◆ YOUR INSTRUCTIONS: Would you retype exactly the lines below, starting with the one that has "Lacquered ivory and" and going on through the one that has "CAMCO 43061 30-ft", with no pictures and nothing else?

◆ DATA FOR THIS EXERCISE:

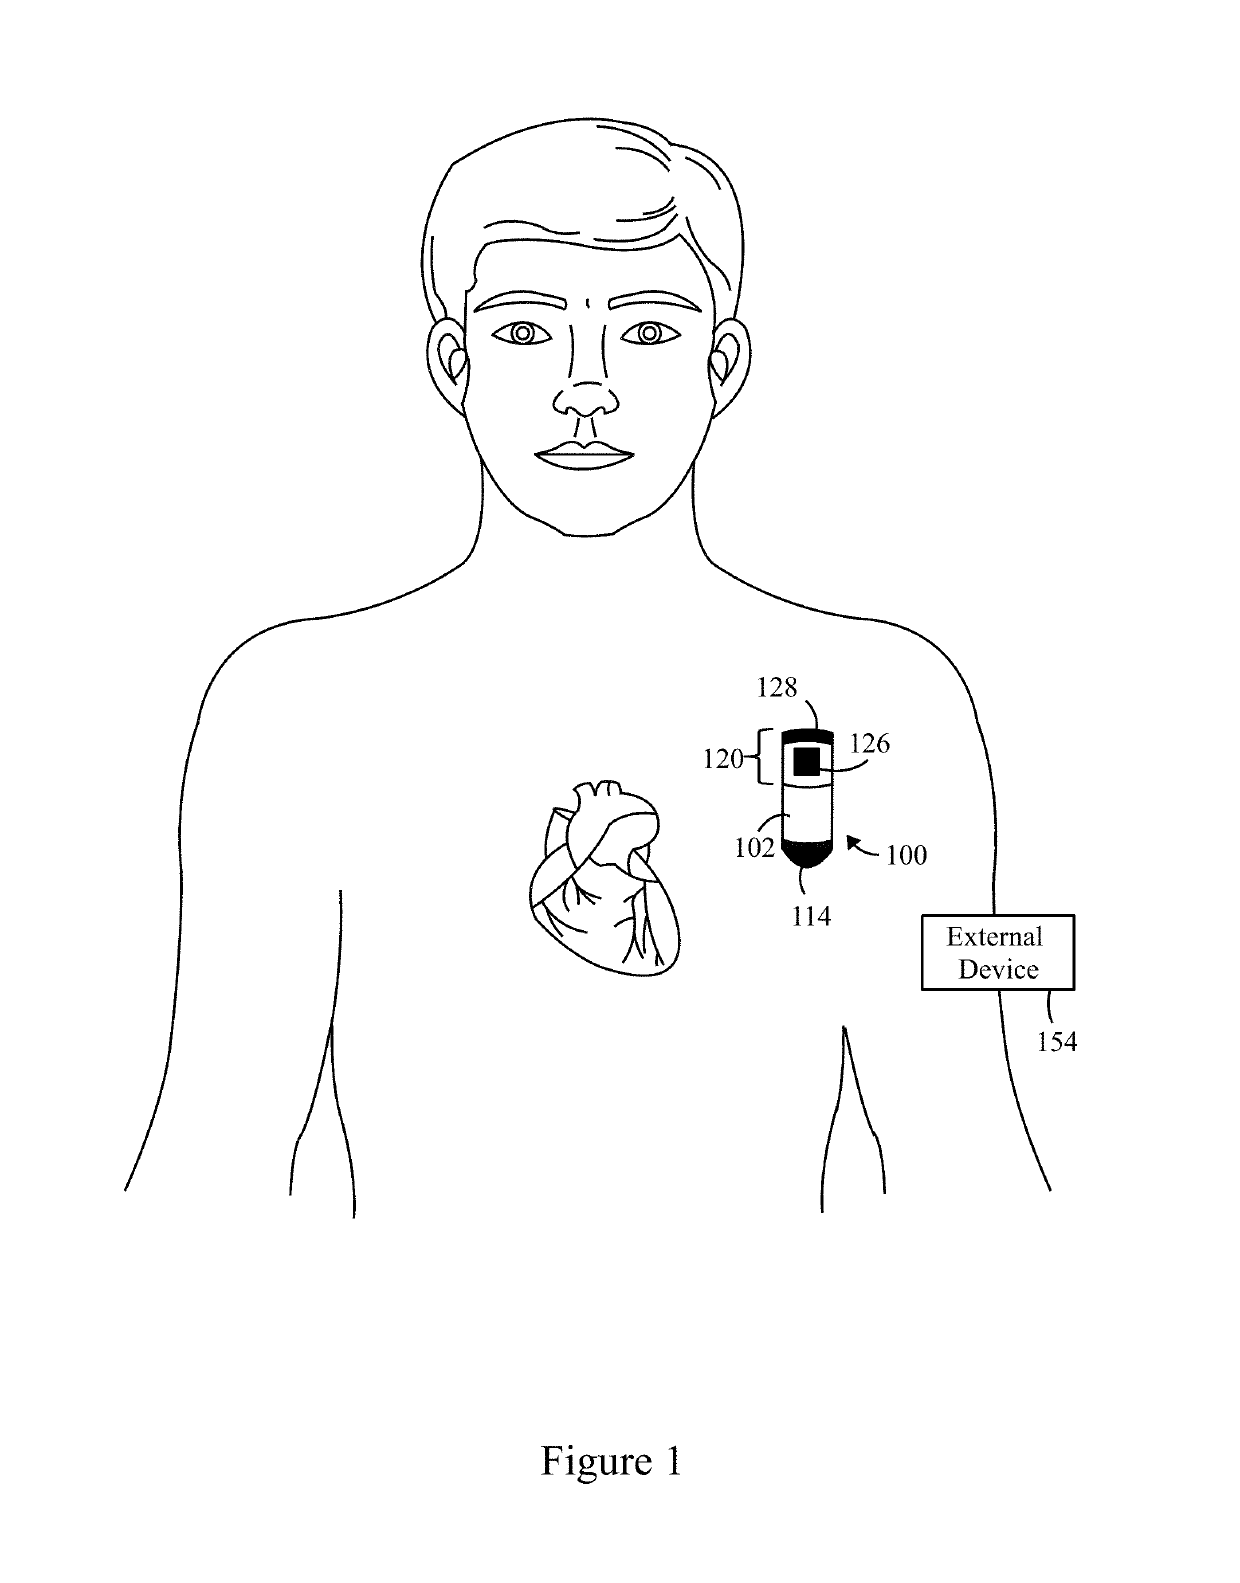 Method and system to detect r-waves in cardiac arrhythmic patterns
---
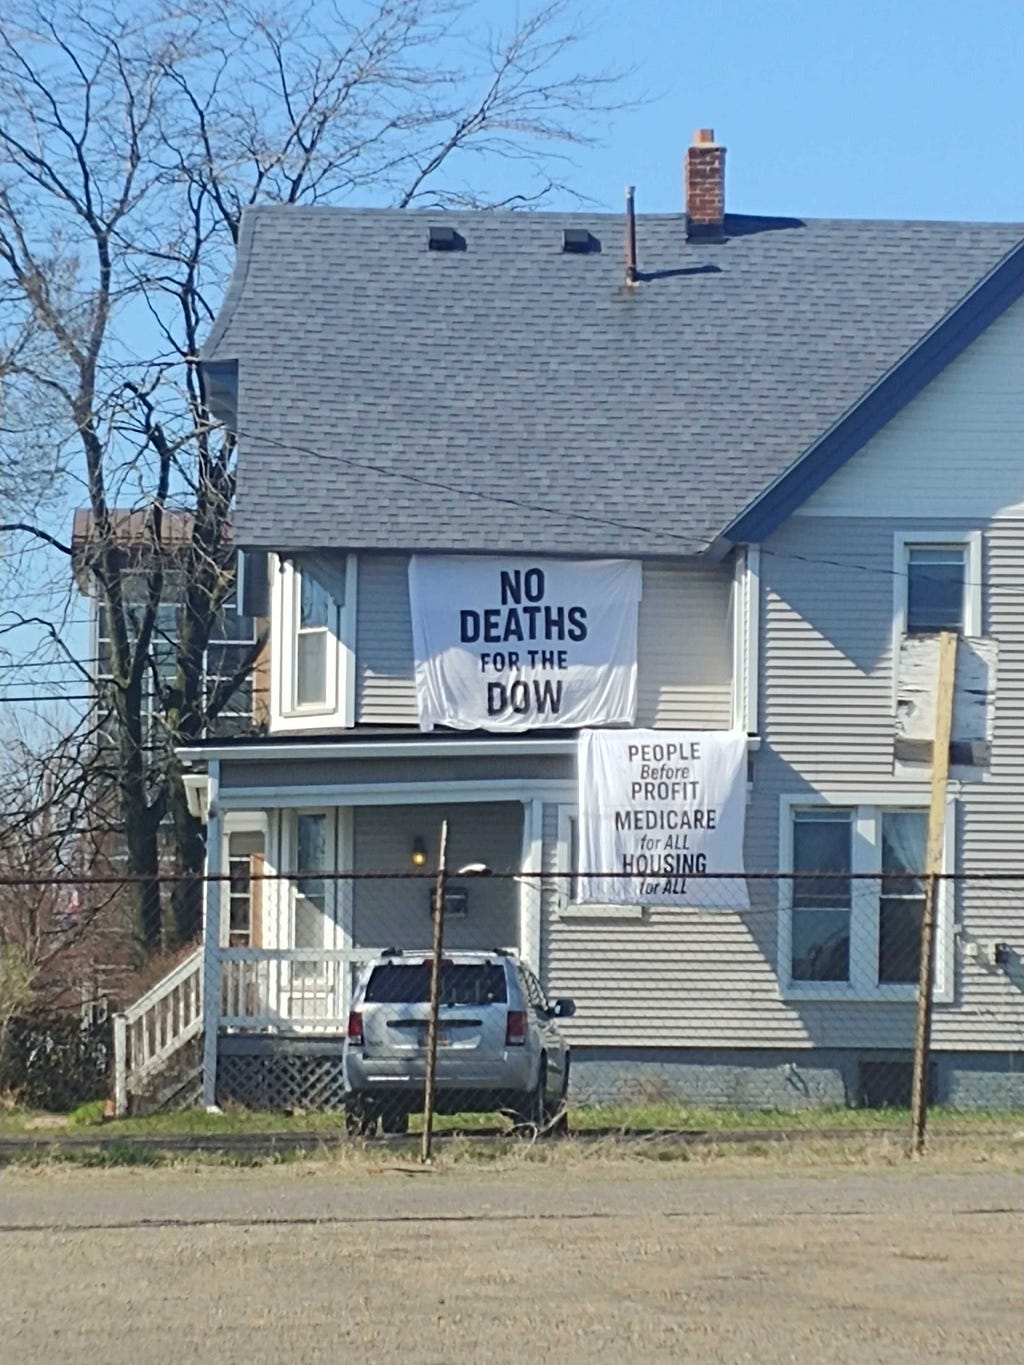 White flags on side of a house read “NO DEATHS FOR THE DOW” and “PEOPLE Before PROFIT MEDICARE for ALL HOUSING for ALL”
---
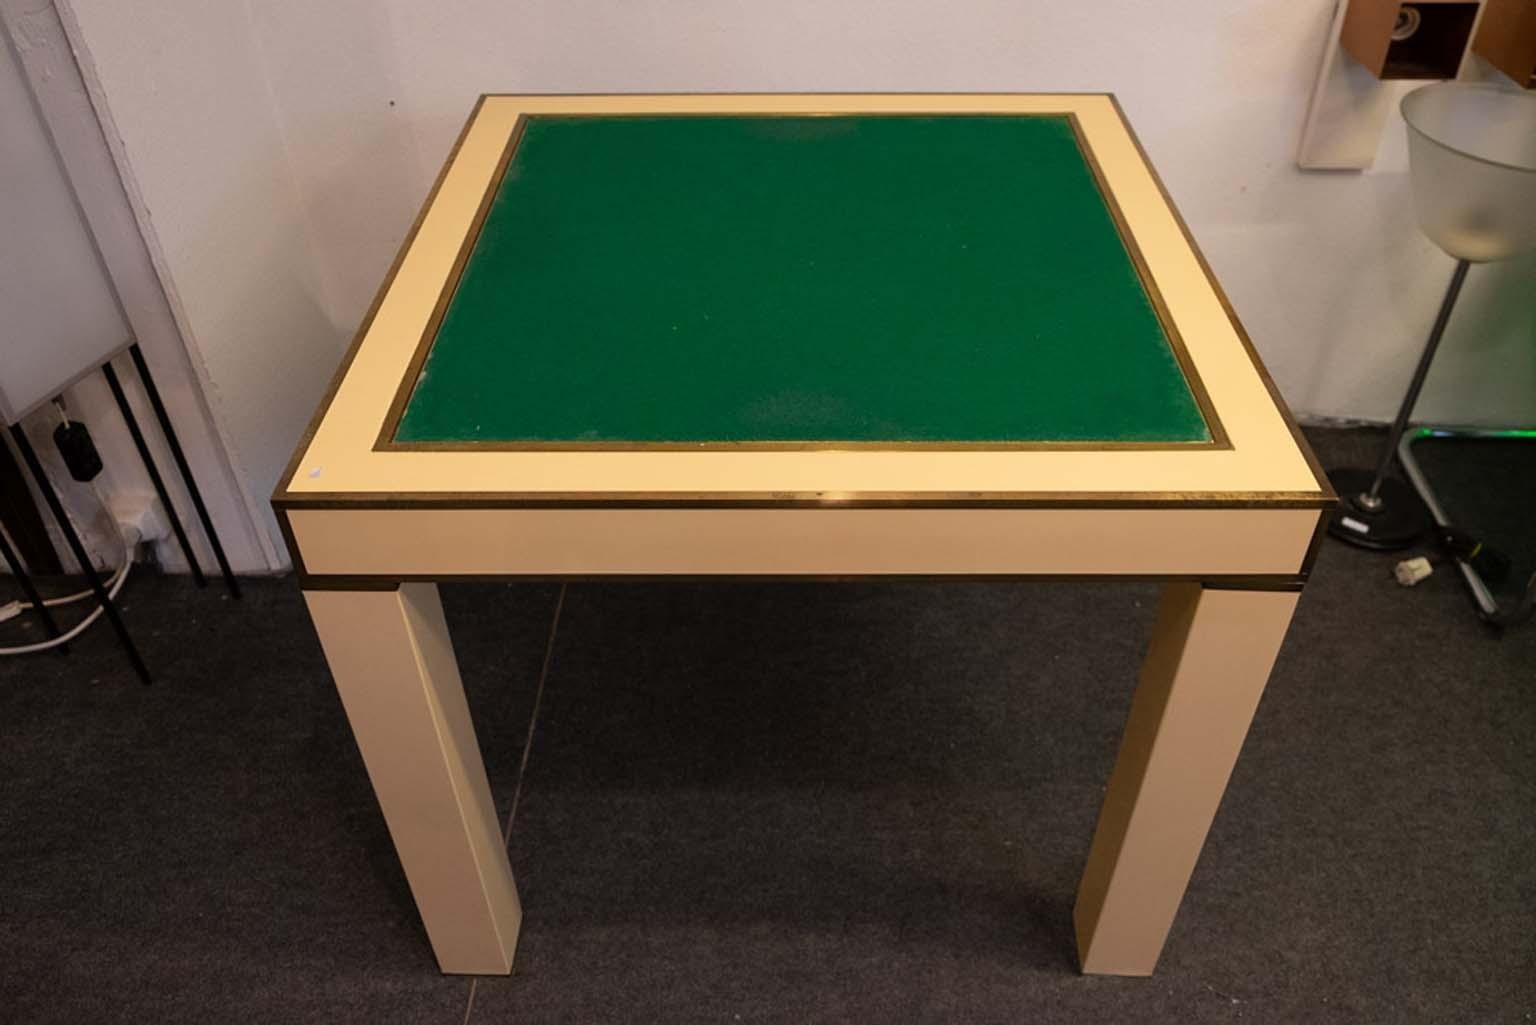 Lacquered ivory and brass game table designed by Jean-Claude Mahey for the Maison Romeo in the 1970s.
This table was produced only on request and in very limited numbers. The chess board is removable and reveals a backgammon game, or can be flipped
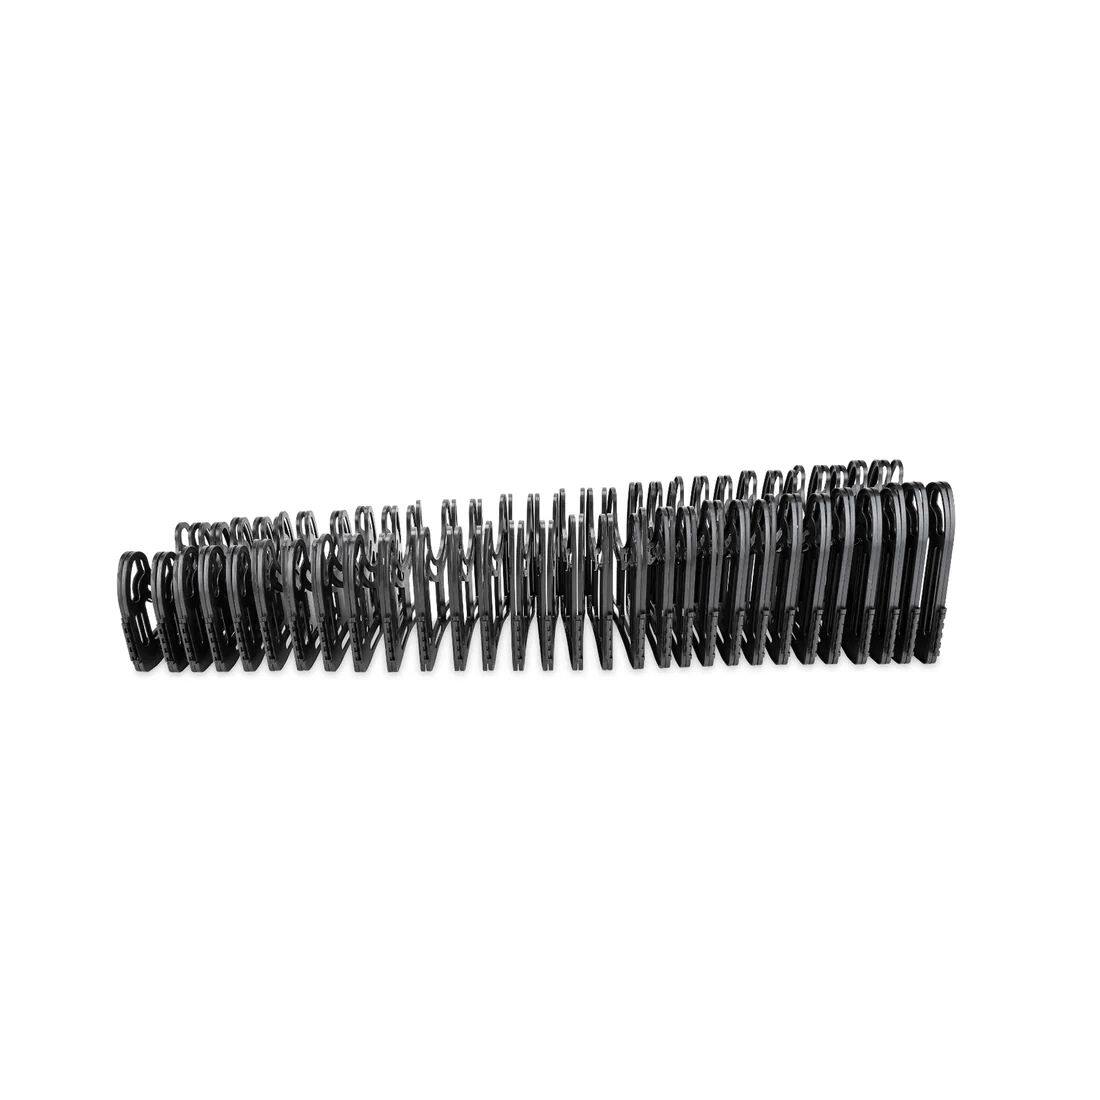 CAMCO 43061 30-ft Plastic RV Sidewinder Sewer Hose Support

◆ PROBLEM SOLUTION:
 Lacquered ivory and brass game table designed by Jean-Claude Mahey for the Maison Romeo in the 1970s.
This table was produced only on request and in very limited numbers. The chess board is removable and reveals a backgammon game, or can be flipped
 CAMCO 43061 30-ft Plastic RV Sidewinder Sewer Hose Support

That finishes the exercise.